The "prebuilt" benchmarks also demonstrate the API deficiencies of routines like `memmem`. Because of their API, they need to rebuild the state necessary to execute a search for the needle given. But it is often the case that the needle is invariant across repeated calls with different haystacks. So you end up doing that repeated work for no gain.

jakobnissen 16 hours ago [-]

Interesting. How do you know the background distribution of bytes? Won't a scan of the haystack to get the distribution take up a significant amount of time?

burntsushi 15 hours ago [-]

It's a _background_ distribution. That is, a guess. A heuristic. It doesn't change with the input.

ncruces 1 days ago [-]

I implemented these in my attempt to SIMD optimize Wasm/WASI libc.

https://github.com/ncruces/go-sqlite3/tree/main/sqlite3/libc

For known haystack lengths, and large needles, I found it useful to augment the approach with Quick Search.

https://igm.univ-mlv.fr/~lecroq/string/node19.html

mwsherman 14 hours ago [-]

C# has implemented some SIMD for IndexOf: https://github.com/dotnet/runtime/pull/63285

clauderoux 24 hours ago [-]

I implemented many different algorithms for searching and splitting strings using SMID methods as well: https://github.com/naver/tamgu/blob/06aedf2f14895925d7b5a8e2... I used a different algorithm than the ones presented here.

ncruces 23 hours ago [-]

Could you summarize your algorithm? Like a high-level description?

Like algorithm 1 (from the article) checks N possible positions at a time by matching the first and last character; algorithm 2 instead tests the 4 leading characters.

clauderoux 22 seconds ago [-]

What I do is to build a substring out of the initial strings that is a multiple of 2. If the string I try to search is 9 characters long, then I extract an 8 characters substrings that I transform into an integer over an integer:

Here is the example for 4 characters: //We look for the presence of four characters in a row int32_t cc = search[3]; for (shift = 2; shift >= 0; shift--) { cc <<= 8; cc |= search[shift]; } In this case, I will look for a 4 bytes integers over my sequence: current_bytes = _mm256_cmpeq_epi16(firstchar, current_bytes); q <<= 1; q |= _mm256_movemask_epi8(current_bytes);

Rendello 16 hours ago [-]

I tried to implement a modified version for LZ77 window search with Zig's generic SIMD a few years ago:

https://news.ycombinator.com/item?id=44273983

klaussilveira 15 hours ago [-]

Reminds me of https://github.com/nikneym/hparse

Which uses SIMD algos for fast HTTP parsing.

eska 20 hours ago [-]

The swar algorithm has UB because it casts the 1 byte aligned data to 8 byte aligned.
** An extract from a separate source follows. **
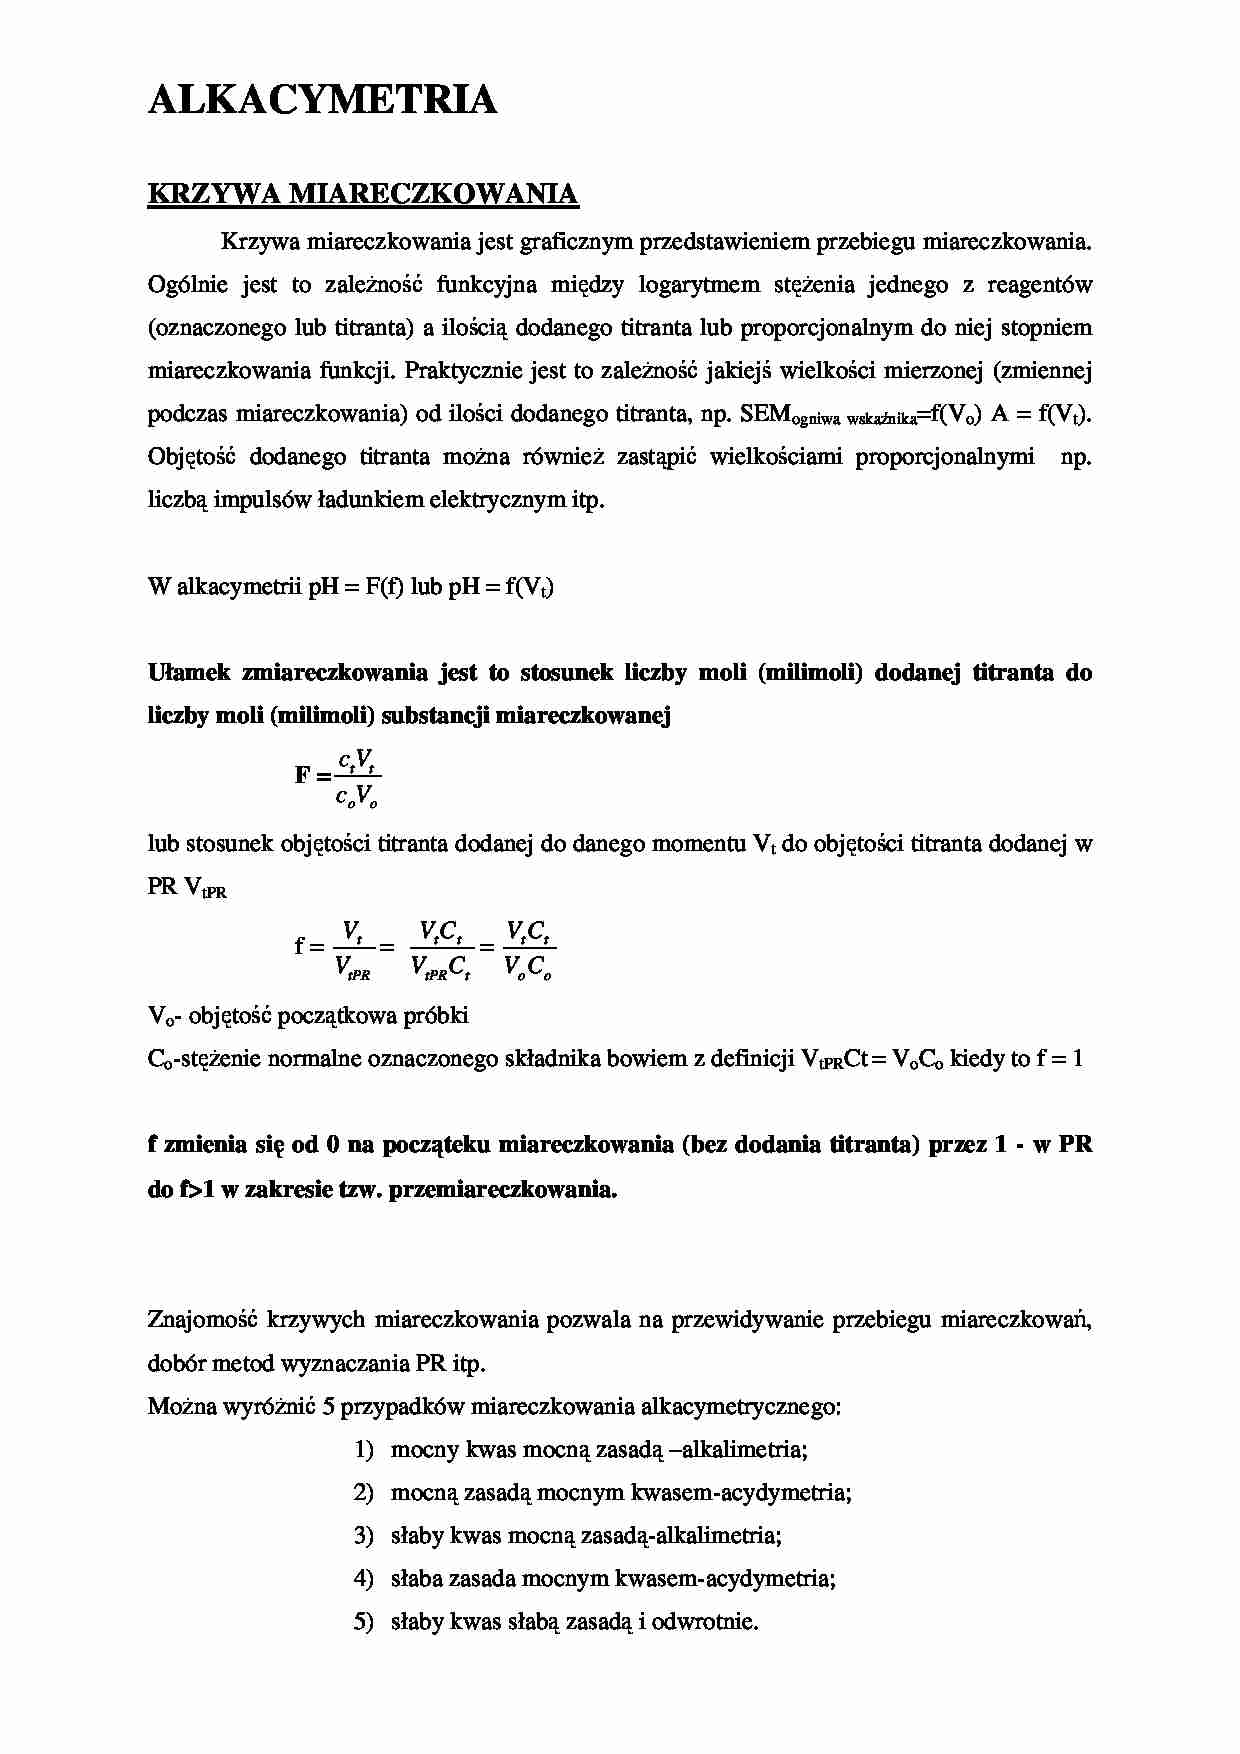 Chemia analityczna - Alkacymetria - strona 1

Perhaps it suffers some performance issues from unaligned loads?

burntsushi 18 hours ago [-]

I always took these as "idealized" algorithms or pseudo-code. In addition to not doing correct unaligned loads (using `memcpy`), the boundary checks are wrong. The code assumes the length of the haystack is a multiple of 8. Additionally, if the needle is empty, you'll get unsigned integer overflow leading to an out-of-bounds access on the needle. That's three different ways to get UB.
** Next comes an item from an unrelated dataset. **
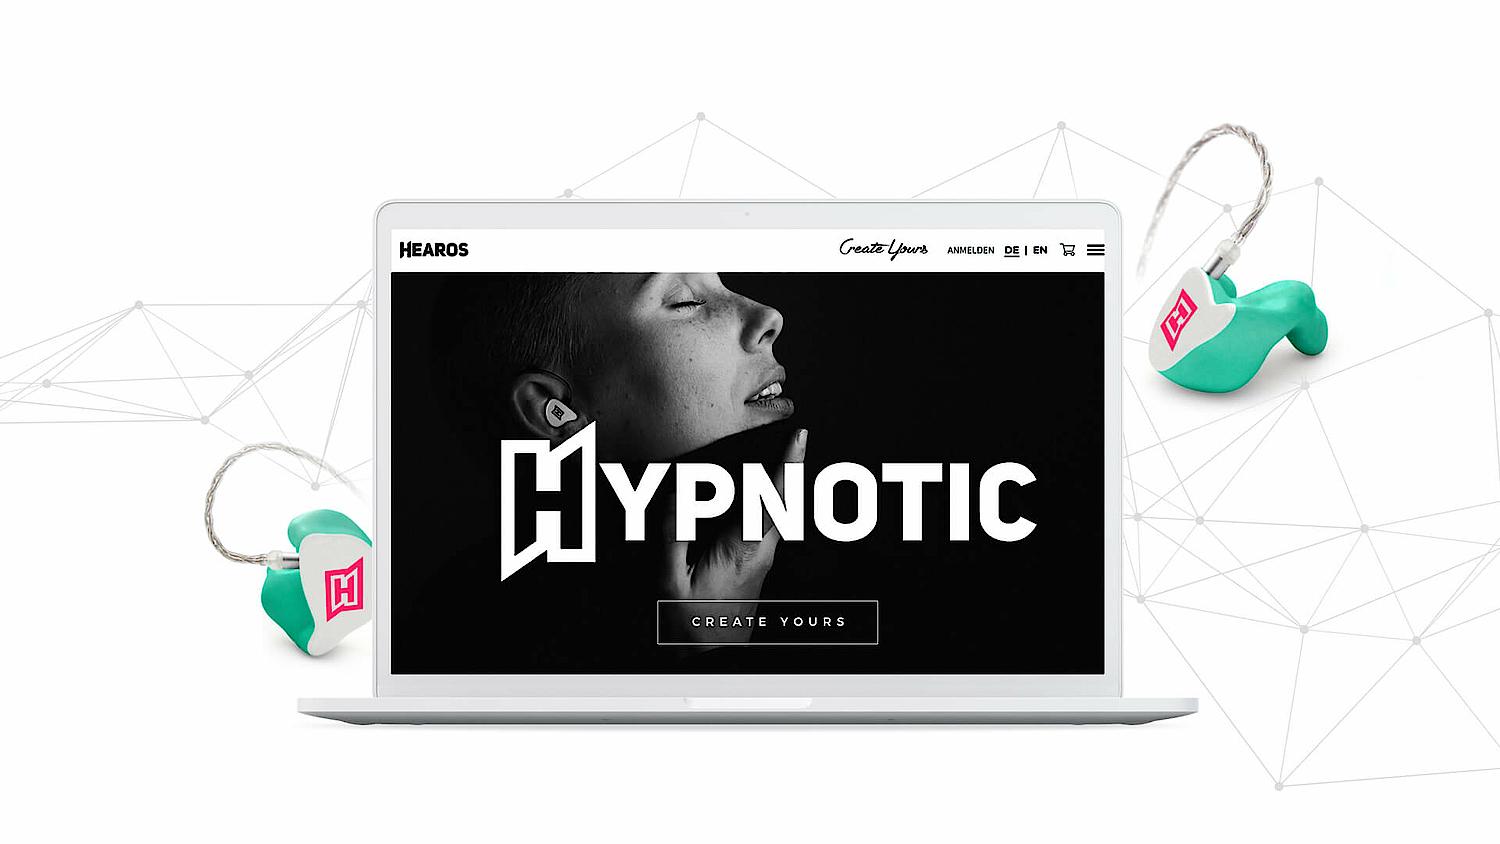 Hearos Webshop mit Header Bild 'Hypnotic' und In Ears

This is pretty common in my experience when demonstrating SIMD code. Often only the relevant bits are shown, and not a lot of effort is given to getting the boundary cases correct. It's rarely acknowledged explicitly, but I would assume it's because the boundary conditions are somewhat less interesting than the "meat" of how to use vectors in an interesting way.

Rendello 16 hours ago [-]

When I modified the idealized algorithm to suit my needs a few years ago, I learned just how painful the boundary cases are. I realized I didn't want to ever touch SIMD string searching unless:

- I had a very specific use-case that I really needed SIMD for and was willing to really invest a lot in it; or

- The work had already been done for me in a generic sense and I could reap the fruits of that labour (ripgrep / Rust Regex, thanks for that by the way)

eska 16 hours ago [-]

True. The size assumption is mentioned in the article however. The simd library by agner makes the same assumption and demands that the user over-allocates their data

rurban 22 hours ago [-]

We know that the libc strstr performs horrible, but musl is fast and state of the art.

Now we just need a name, and we can add it to the smart shootout. Wonder how it compares to the best SIMD algos

ncruces 21 hours ago [-]

If you're interested in a rough benchmark, I compared musl's “two way” with a variation on this algorithm for my SIMD optimized libc linked in a sister comment.

The benchmark involves finding this line in that file: https://github.com/ncruces/go-sqlite3/blob/v0.26.1/sqlite3/l...

The improvements over musl are in this table: https://github.com/ncruces/go-sqlite3/tree/v0.26.1/sqlite3/l...

I'd say it's a decent improvement, if not spectacular. musl does particularly well with known length strings (memmem), whereas I'm allowed to cheat for unknown length strings (strstr) because the Wasm environment allows me to skirt some UB.

The NUL terminated string curve ball wrecks many good algorithms.

MattPalmer1086 21 hours ago [-]

Would be good to have more SIMD algorithms in smart. Maybe I'll have a play with it if I get time.

MattPalmer1086 18 hours ago [-]

Looking at them, would need a little work to make them safe (not reading past needle or haystack). Probably not too much effort, may need a different search for data mod block size at the end.

mgaunard 22 hours ago [-]

missing (2018) ?

kristianp 3 hours ago [-]

It was actually 2016 with spelling fixes in 2018. They still missed a couple of errors:

"comparing two substrings is expansive" -> expensive

And:

"memcmp costs are simply ridden off" -> written

Interesting how bad buldozer was for stdlib, but with SSE2 it was more competitive with Westmere.

sylware 22 hours ago [-]

What is the string sizes thresold for efficiency?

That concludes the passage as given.